Tuesday, May 31, 2016

What exactly is meant by sin (paap)?

I was recently sent this quote by Swami Tejomayananda, the  Head of Chinmaya Mission Worldwide, apparently from its news bulletin of March 2016.
"Today there is so much talk of atmosphere pollution, water pollution, air pollution, noise pollution. But very rarely do we speak of mind pollution. External pollution is nothing but the result of polluted mind. So papam is to be understood as what which pollutes the mind and result in suffering."

In this context I would like to share what Sri Koorathazhvan has stated in Varadarajastavam. This appears to be a more appropriate as it also includes the definition of punya.

Swami Koorathazhvan, says, "An act of ours that pleases Lord Varadan results in Pnnya. An act of ours that displeases Lord Varadan results in Papam." Therefore in each of our action, we need to check whether Lord Varadan will be pleased. Obviously, Lord Varadan will not be pleased with acts that cause harm to His property - all things in the world, including every living being.

Eloborating this further, poorvacharyas have come to an understanding that acts based on Dharma shastras only please Lord Varadan. That is because, in the Bhagavad Gita, the Lord says, "shrutis smritir mamaiva agnja" i.e "That which is stated in the Shrutis and Smritis is my commandment."
Based on this pramanam, one may come to the conclusion that following the Do's and refraining from the Don't's as stated in the Vedas, and Smriti's such as Manu Smriti et al. should be one's way of life.
The dictum of the Shruti and Smriti are very complex for the modern mind which tries to interpret them liberally. That is why our ancestors have tried to understand, codify, and created a way of life that includes the dictum of the Shrutis and Smritis. For further clarification one need to consult appropriate elders in the family.
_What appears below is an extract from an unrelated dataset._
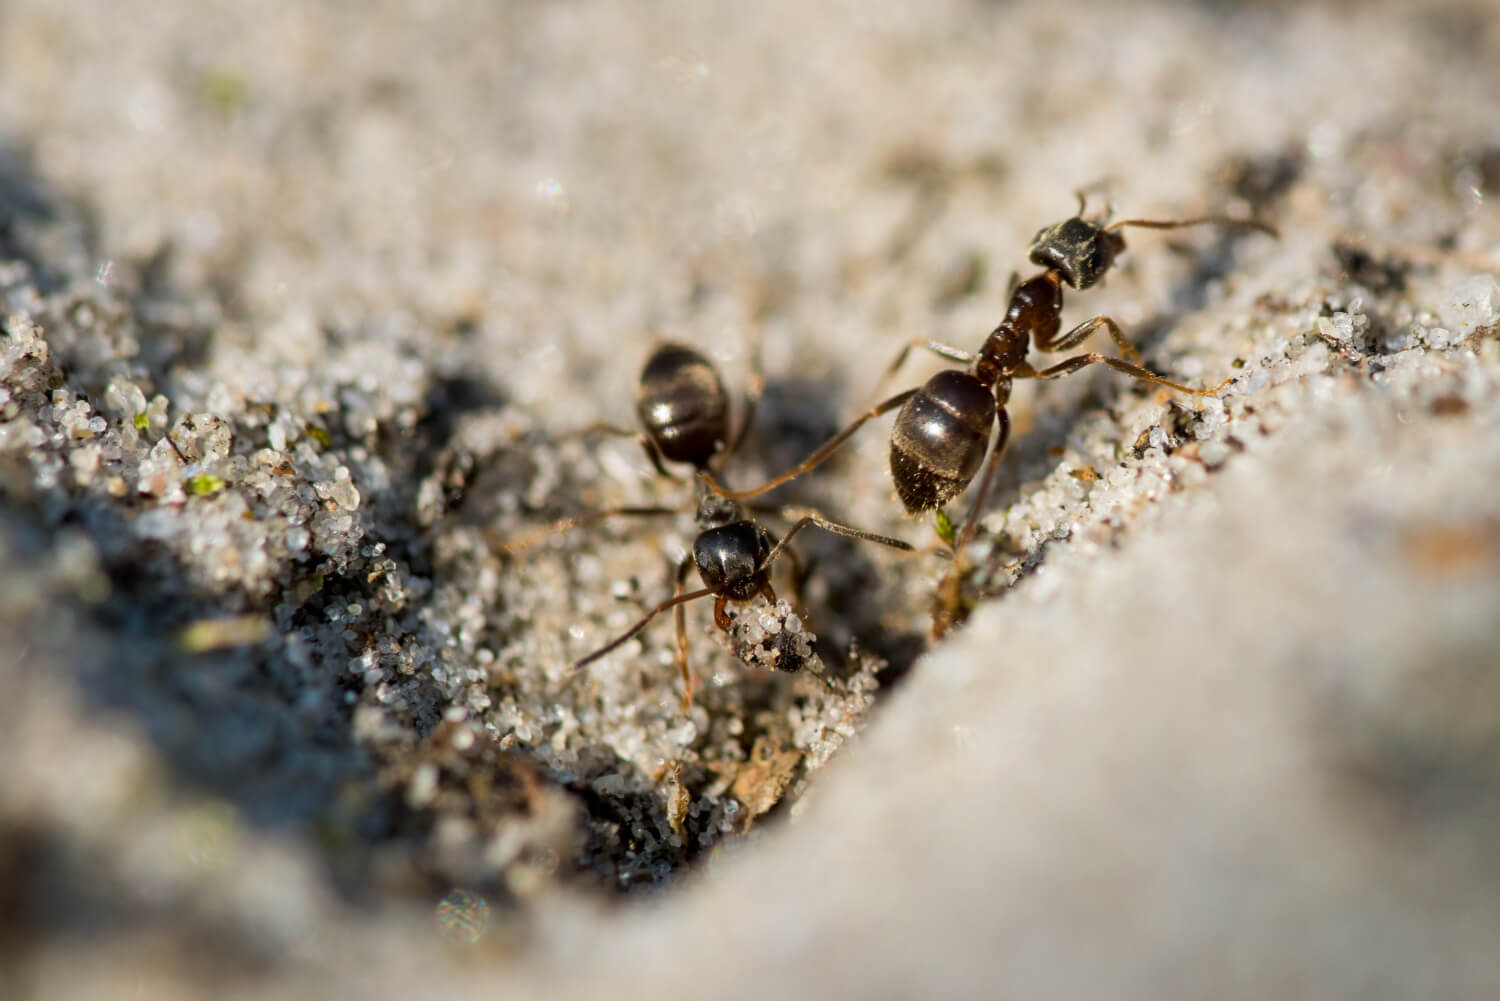 Ants feeding on a dried wood

In addition, certain external practices have been put in place that cleanse the mind off the mind pollution, resulting in positive thinking, and therefore good conduct. Achamanam, for example, is deha, manas, and atma shuddi. One has to do achamanam several times a day - after ablution, after wearing clothes, after eating, etc. And, washing of hands, feet and mouth is described as a pre-requisite to performing achamanam. We have forgotten a lot of these practices that were mandated by our ancestors - because of what we call "progress"? Really?